-- Records supplied follows --
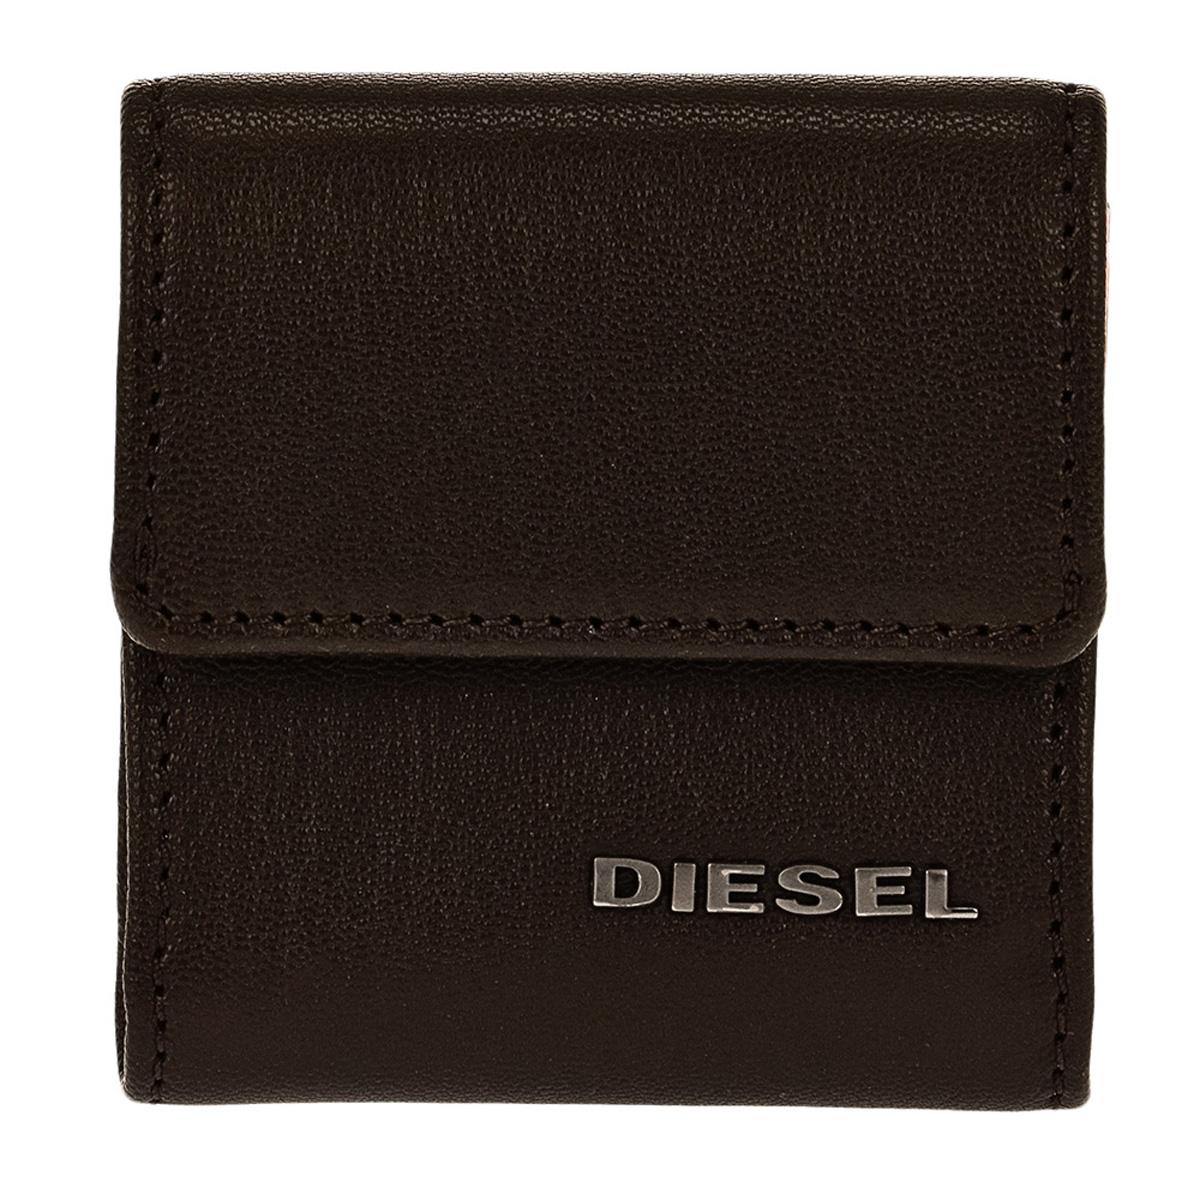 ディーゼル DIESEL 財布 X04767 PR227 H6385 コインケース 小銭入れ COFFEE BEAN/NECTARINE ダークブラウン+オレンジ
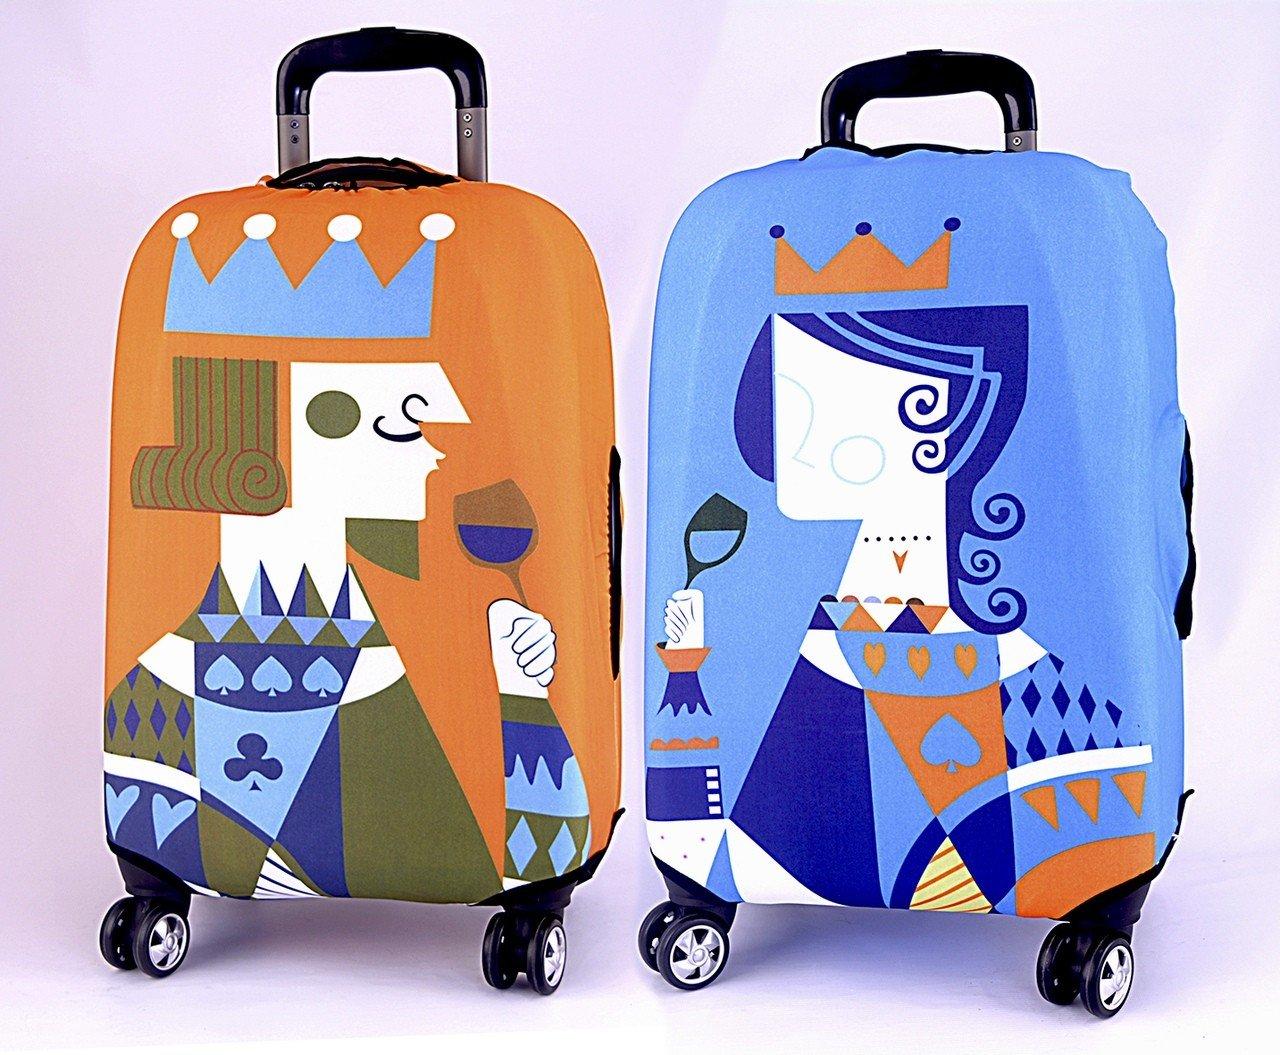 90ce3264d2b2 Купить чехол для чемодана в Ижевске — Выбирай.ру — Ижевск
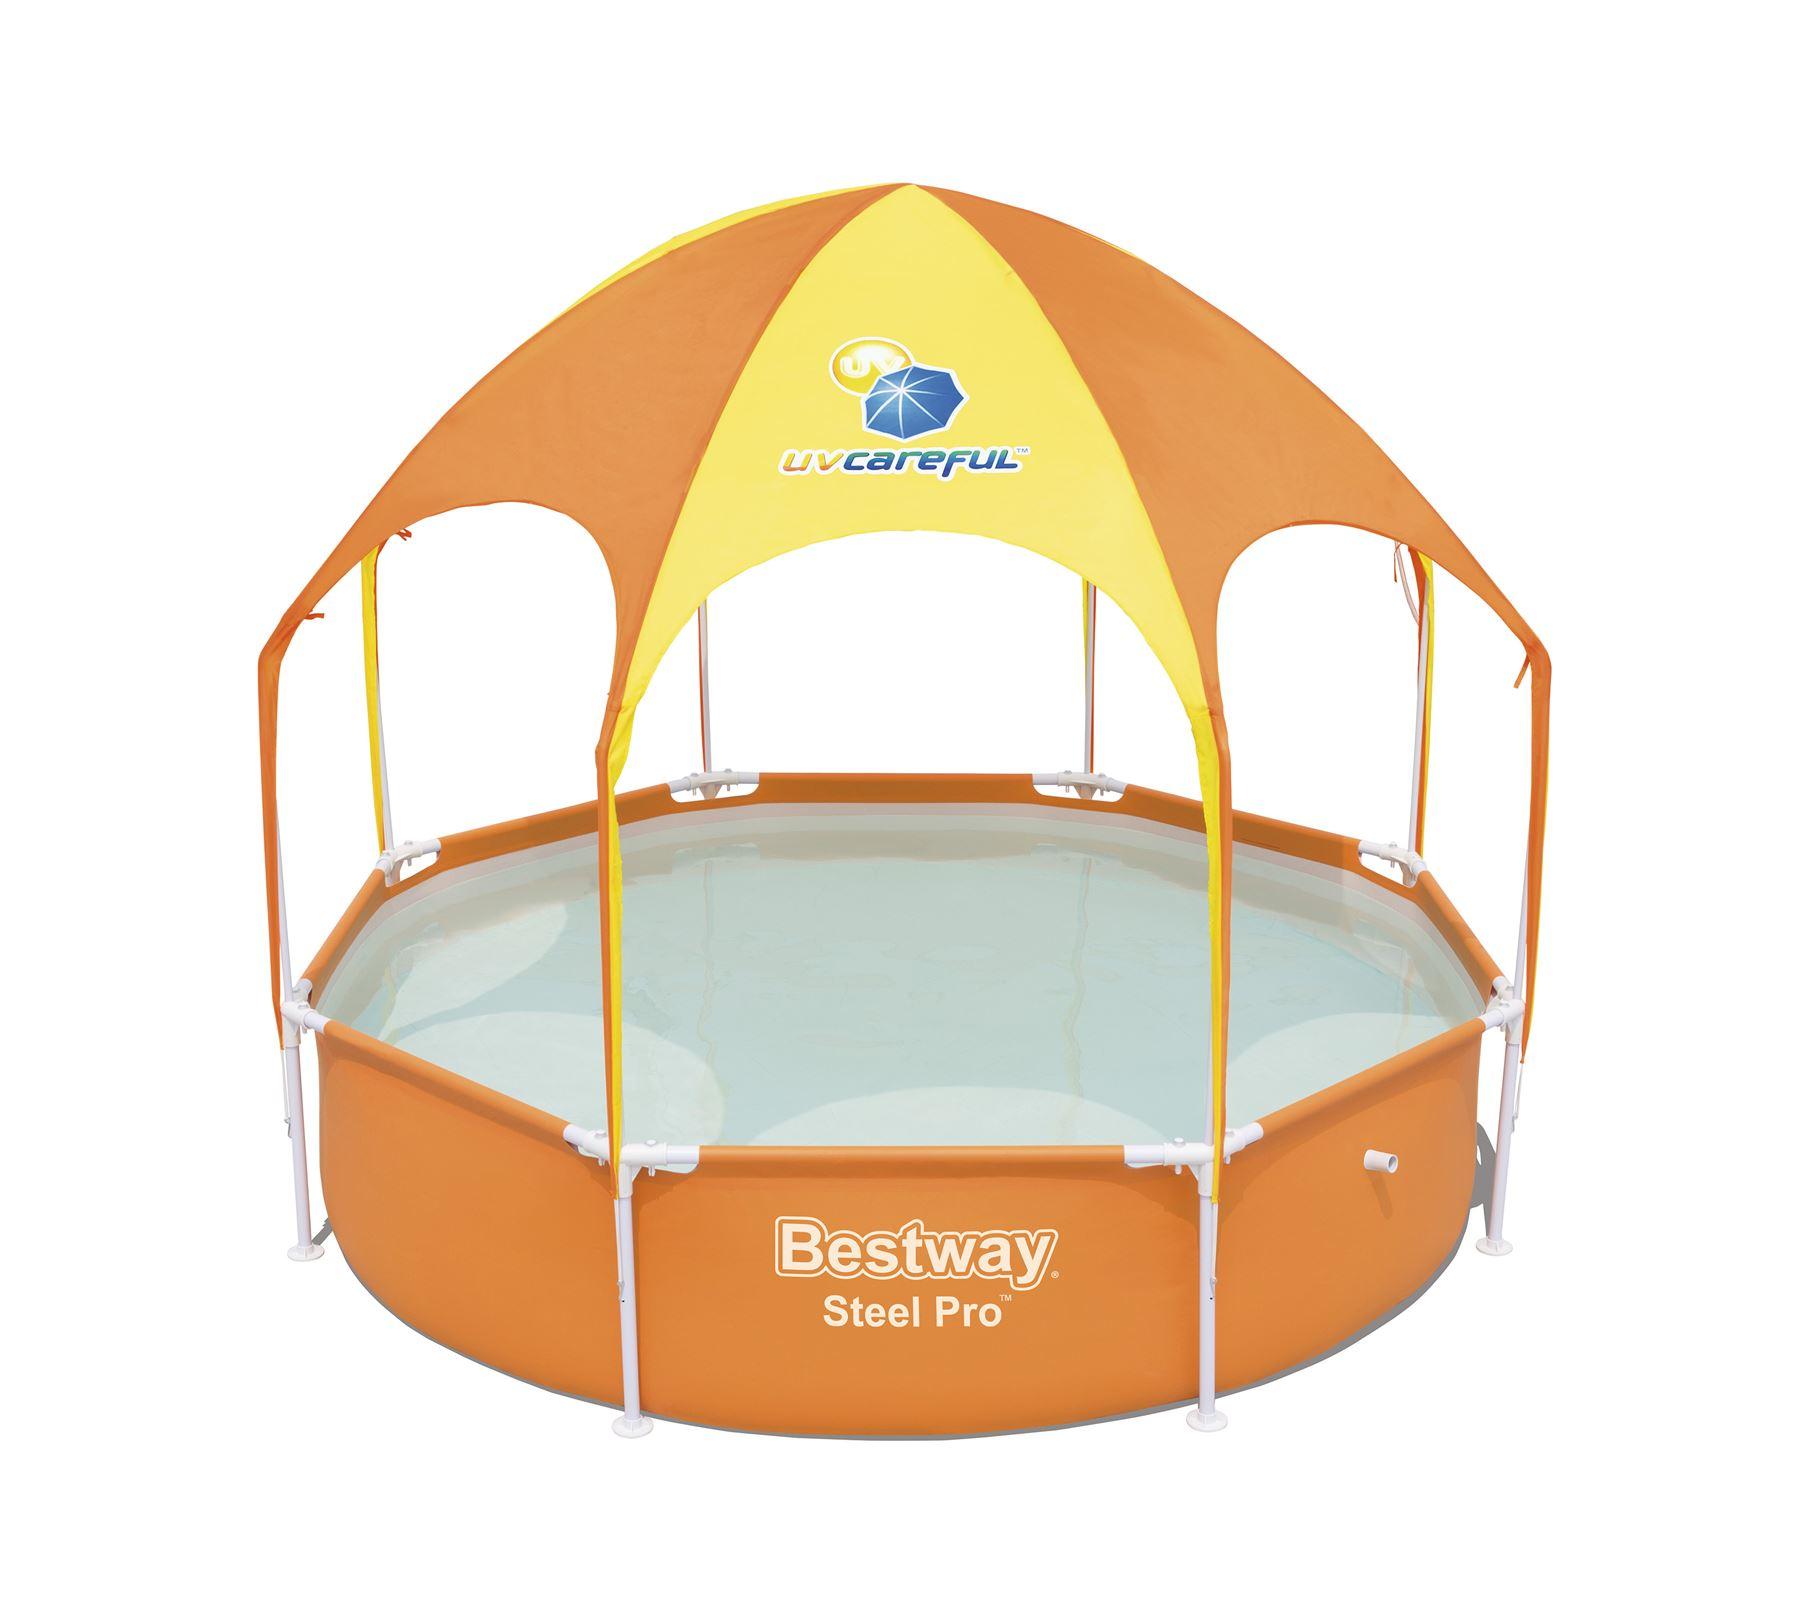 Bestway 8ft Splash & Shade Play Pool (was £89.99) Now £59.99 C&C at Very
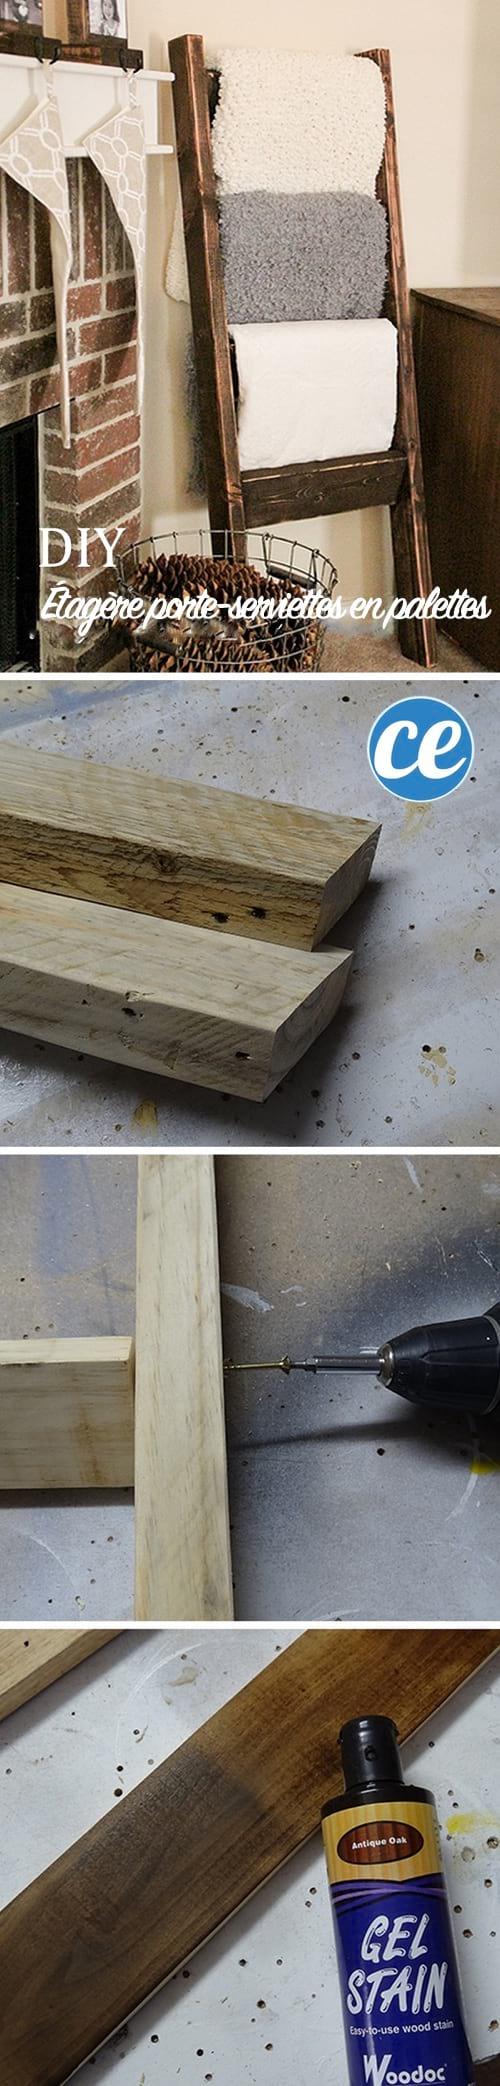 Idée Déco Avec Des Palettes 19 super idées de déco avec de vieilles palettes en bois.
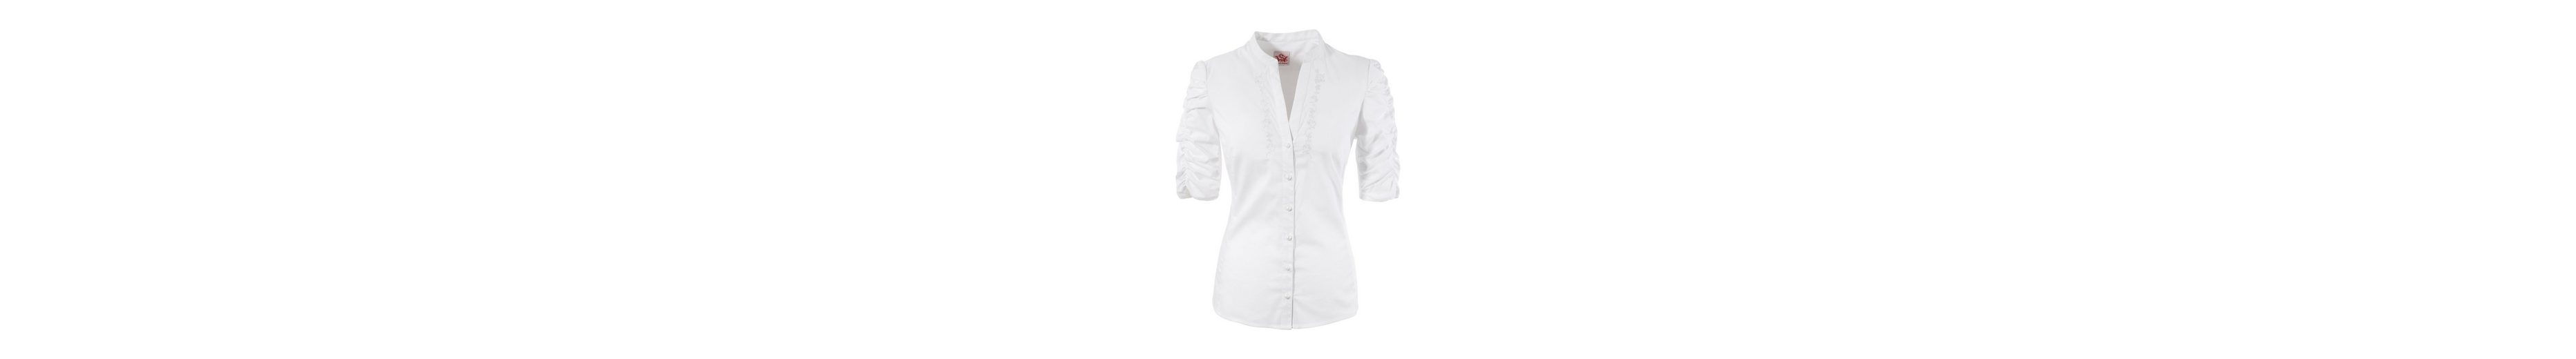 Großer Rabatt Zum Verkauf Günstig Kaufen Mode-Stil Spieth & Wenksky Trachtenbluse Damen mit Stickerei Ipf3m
-- Records supplied concluded --
*Work to complete*
Starting with the line that holds "Bestway 8ft Splash", retype each line through the last one in the listing above, exactly as written. Do not copy any pictures.

*Result for this task*
 Bestway 8ft Splash & Shade Play Pool (was £89.99) Now £59.99 C&C at Very
 Idée Déco Avec Des Palettes 19 super idées de déco avec de vieilles palettes en bois.
 Großer Rabatt Zum Verkauf Günstig Kaufen Mode-Stil Spieth & Wenksky Trachtenbluse Damen mit Stickerei Ipf3m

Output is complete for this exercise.